**TASK REQUIREMENTS**
Work through the listing below and give again exactly the lines from the one with "Salomon Speedcross 4" to the one with "ReSun FTP02 Carbon Filter Pad 10x18 inch", both ends included. All other lines and all pictures stay out.

**DATA**

===

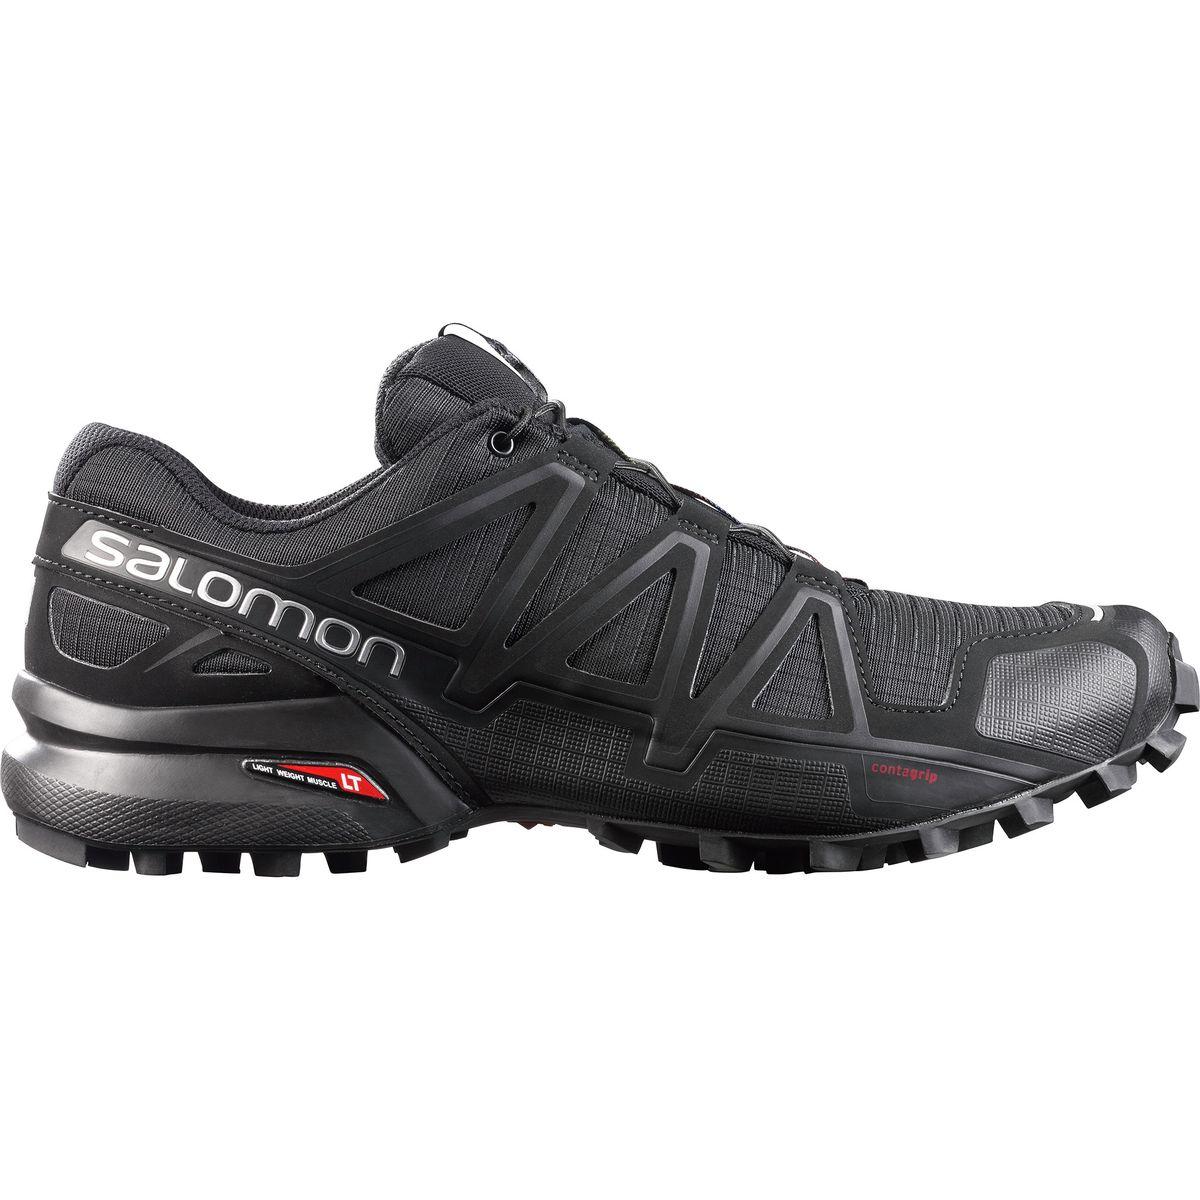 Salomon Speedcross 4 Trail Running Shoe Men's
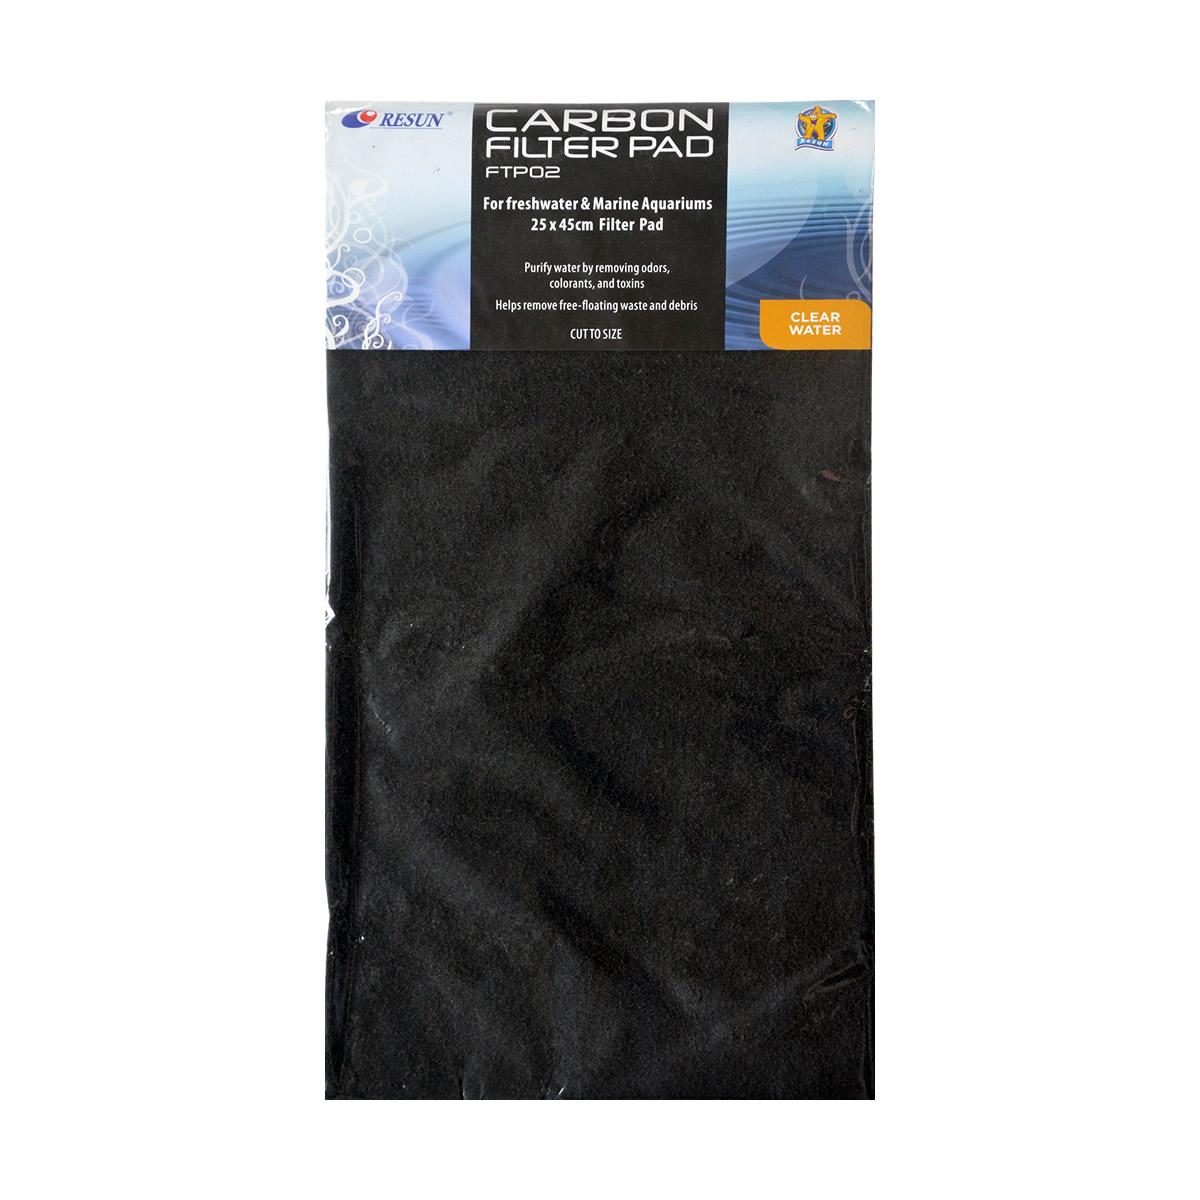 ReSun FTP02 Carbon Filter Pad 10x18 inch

===

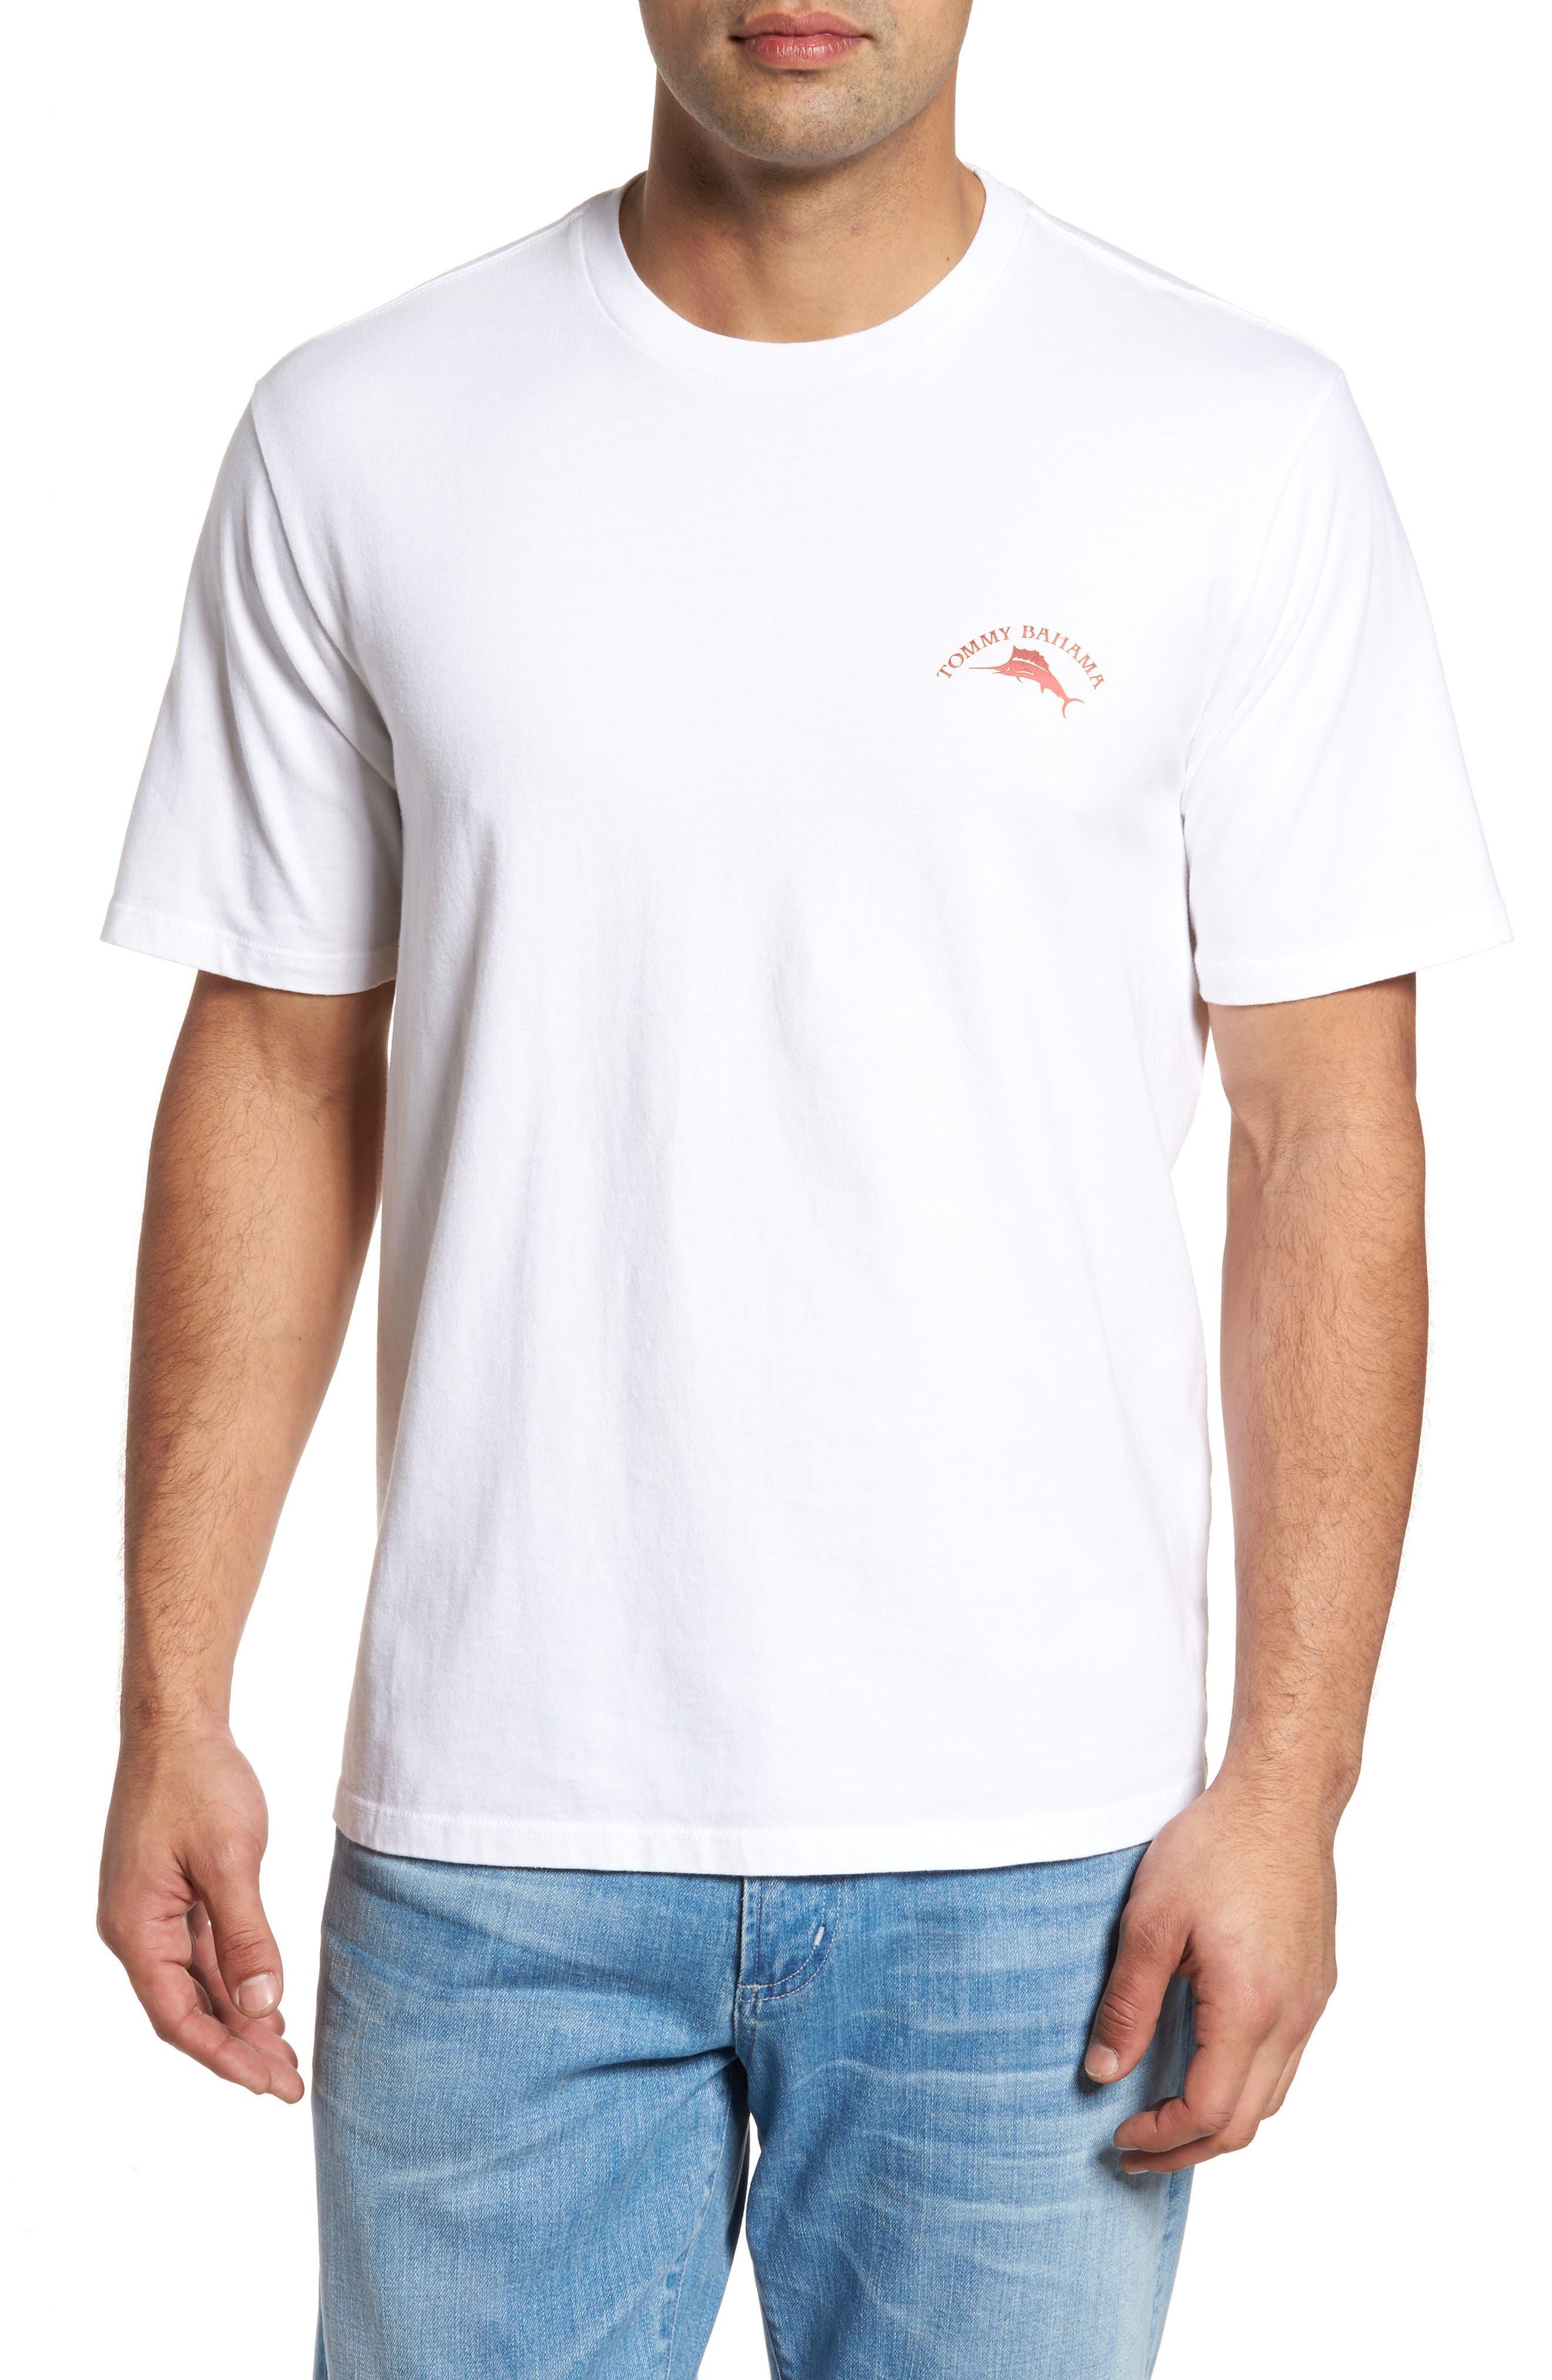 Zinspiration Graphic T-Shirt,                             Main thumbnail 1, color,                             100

===

**EXERCISE RESULT**
 Salomon Speedcross 4 Trail Running Shoe Men's
 ReSun FTP02 Carbon Filter Pad 10x18 inch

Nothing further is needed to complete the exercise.